Kranda drew back her lips. “It’s shielded. Their early warning systems shouldn’t pick up a thing, and therefore their weapons systems will not detect us.”

“That’s a relief.”

“But even if the Sporelli did detect the flier, I am confident that my skill as a pilot will bring us through unscathed.”

Ellis glanced through the hatch to the cabin at the rear. “It’s big enough,” he said. “I think we could easily carry a couple of dozen Phandrans.”

“They are small. We’ll be able to cram them in like cayl.”

Cayl
, Ellis thought
: the Mahkan equivalent of sardines?

Kranda leaned forward and touched a screen. A map appeared, showing the coastline of a world. “D’rayni,” she explained. “The circular pulsing mark indicates the present position of the Phandran detainees. It’s a holding station, from where I assume the Healers will be sent out to the front line, or thereabouts. It’s fringed by forested hills and crags. This coastline of D’rayni is high, wild land, and relatively cold compared with New Earth.”

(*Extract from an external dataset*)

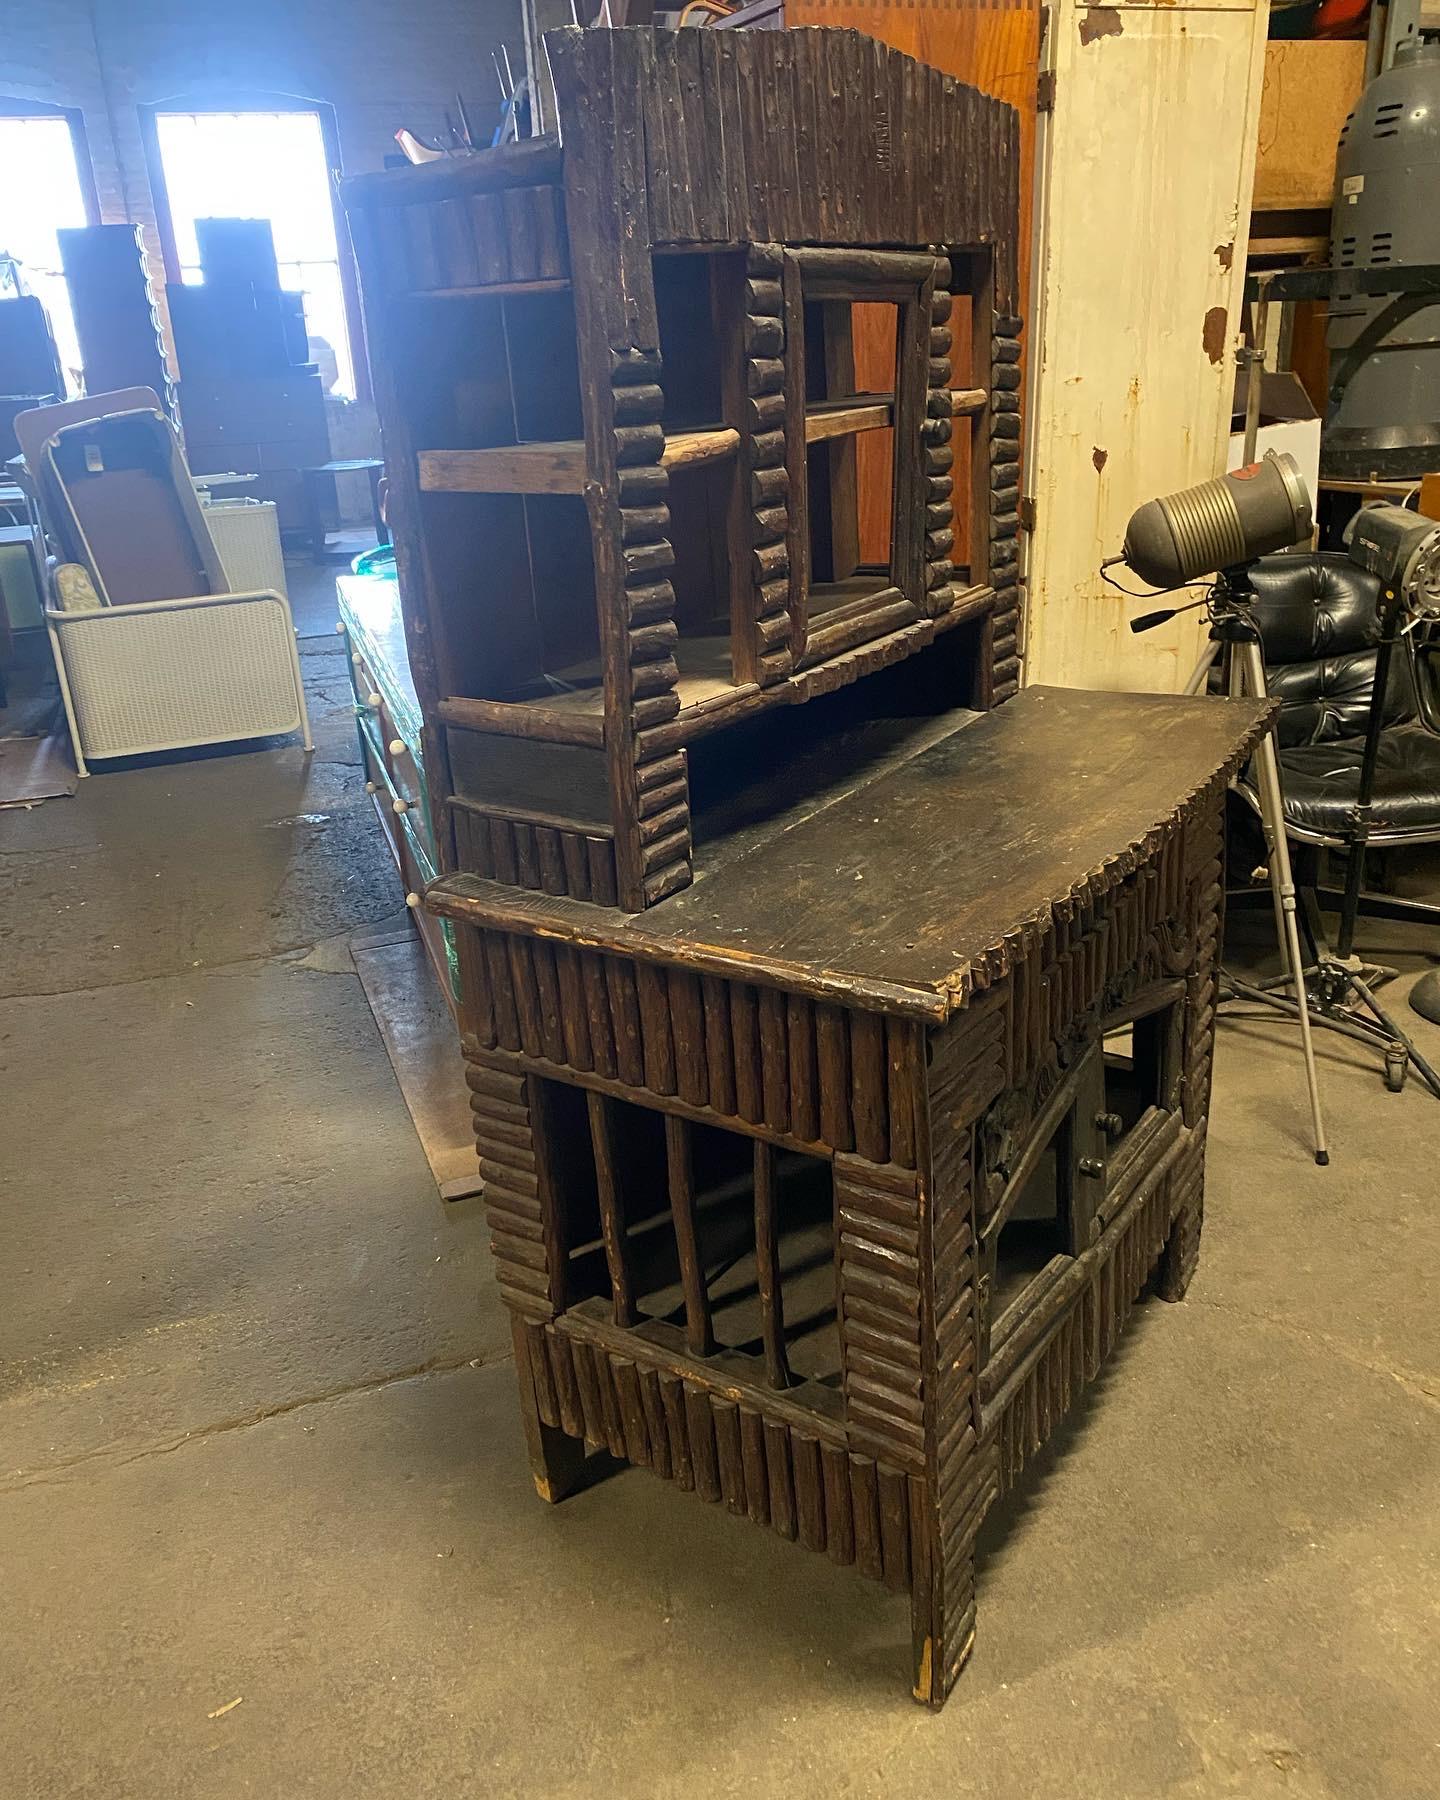 Most unusual and large rustic late 19th century adirondak hutch / cabinet. Tree,twig center door and shelves (top) drawer and two doors (bottom)amazing quality and construction. Not certain but most likely had glass when originally built. Hand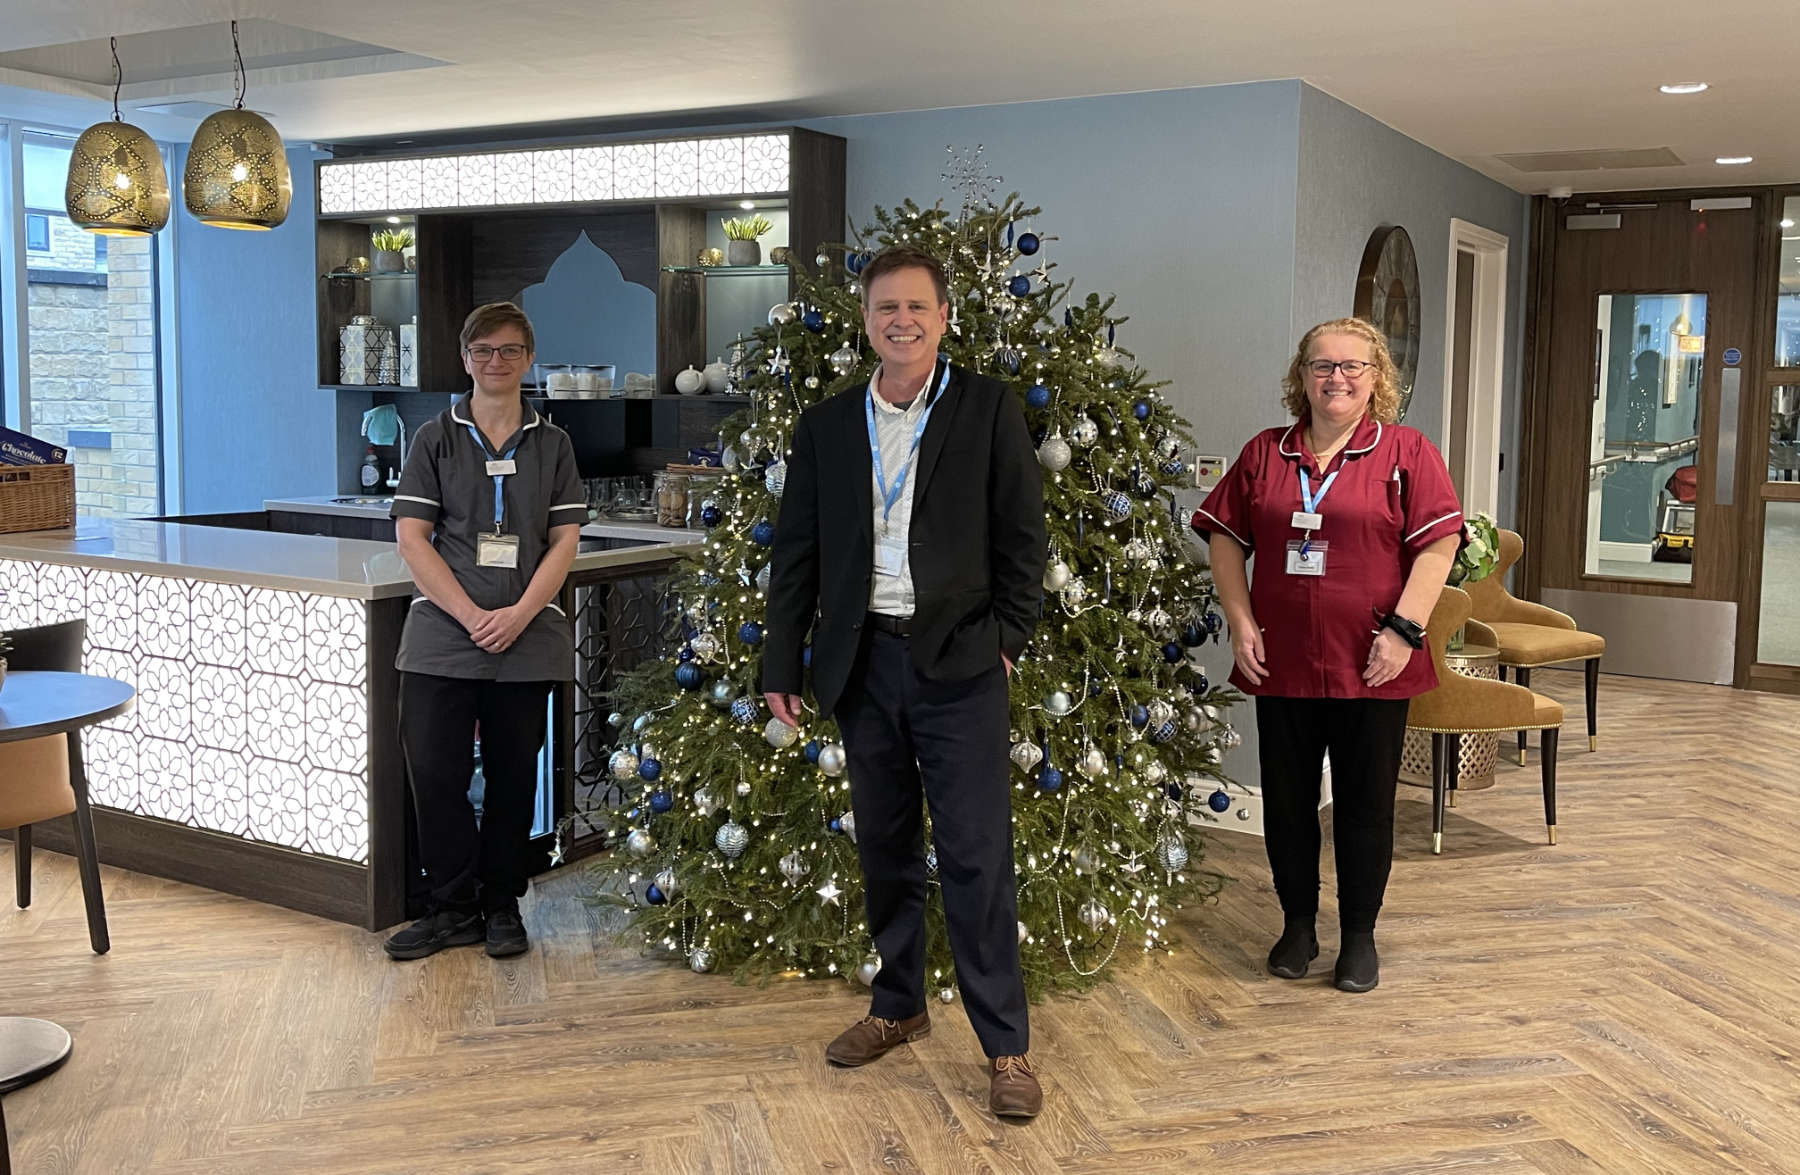 Nicola Goodsall our Deputy Manager, Nigel Allen our Home manager and Head of Housekeeping Tracey Avery

“Where will we come down?”

“Here, approximately ten kilometres from the small town of Panjaluka and the holding station. You’ll test-run your varnika there. After that, I’ll try to assess whether we should approach Panjaluka by flier or on foot. With the varnikas, the latter should only take fifteen minutes. And then” – Kranda drew back her lips – “then we will assess the situation at the holding station.”

Ellis sat back, staring into the indigo of space between the circuits. “And weapons?”

Kranda indicated the racked rifles beside the exo-skeletons. “Take your pick,” she said. “Rest assured, they can all be set to stun, to allay your human squeamishness.”

Ellis smiled and closed his eyes. “I’m pleased to hear that, Kranda.”

He slipped deeper into his couch and slept.

A while later Kranda nudged him with her elbow; it was probably only meant as a light tap, but Kranda’s strength was such that it almost knocked him from the couch. “Wake up, Jeff. We’re almost there.”

He rubbed his face. “How long have I been out?”

“Four hours. I thought you might want to watch our approach.”

He stretched and stared through the viewscreen. They had dropped through the cloud cover above D’rayni and were coming in low over the sea. Ahead, an expanse of white cliffs spanned the horizon. Beyond them, grey mountains rose, bleak and forbidding. Many of the peaks were snow-covered.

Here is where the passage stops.